When the hand touched his forehead, he froze. His eyes bulged, his mouth worked soundlessly, trying to articulate a scream too big to be released. Warm fingers traced a path across his forehead in an obscenely intimate caress. He almost didn’t hear the gentle ‘Ssh,’ his ears ringing from his own scream. But he heard what was said next, a question he had known was coming.

‘You know what I want?’

He had nodded, eager to please, the thought of the object he had been shown flashing in his mind. He could imagine it biting into him, tearing, gouging, rending. He would do anything, tell everything, to avoid that.

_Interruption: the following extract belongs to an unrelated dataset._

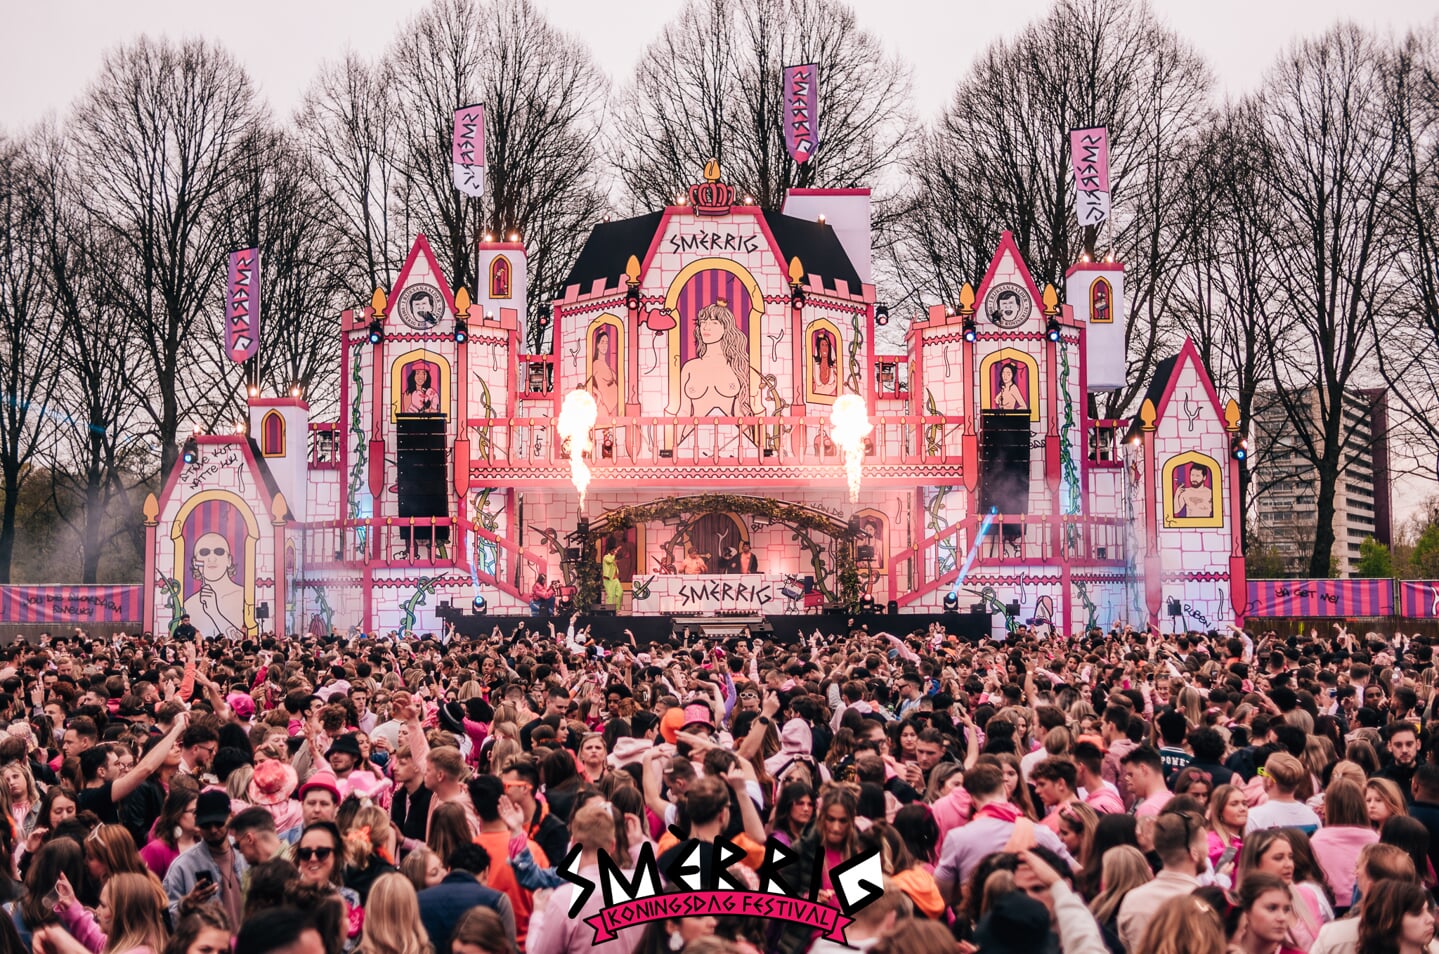 Den Bosch kleurt weer roze tijdens de derde editie van SMÈRRIG Koningsdag Festival op De Pettelaarse Schans.

He had been left then, alone with his thoughts and the memory of those headlines. ‘Murder in Stirling’. ‘Victims suffered prolonged, savage attack’. He pleaded to a God he didn’t believe in, wept for his own wasted life and the days the headlines had told him would now never be.

Time lost all meaning to him. How long had he been left alone in the dark, with only his nightmares for company? Hours? Minutes? Days? A sudden thought seized him, hope swelling in his chest. Perhaps the police had caught him. Perhaps he wasn’t coming back. A giddying wave of claustrophobia crashed through him, the thought of dying in the dark from hunger or dehydration seizing him. But even in this, there was relief. It would be a better end than the one he had been promised.

The fragile hope he nurtured was crushed by the sound of footsteps. Evans listened to them, the floorboards above creaking with his captor’s weight. Then they stopped, and the silence rushed in on him again.

And in that silence, he heard one word. It tormented and terrified him, filled him with ever-escalating nightmares.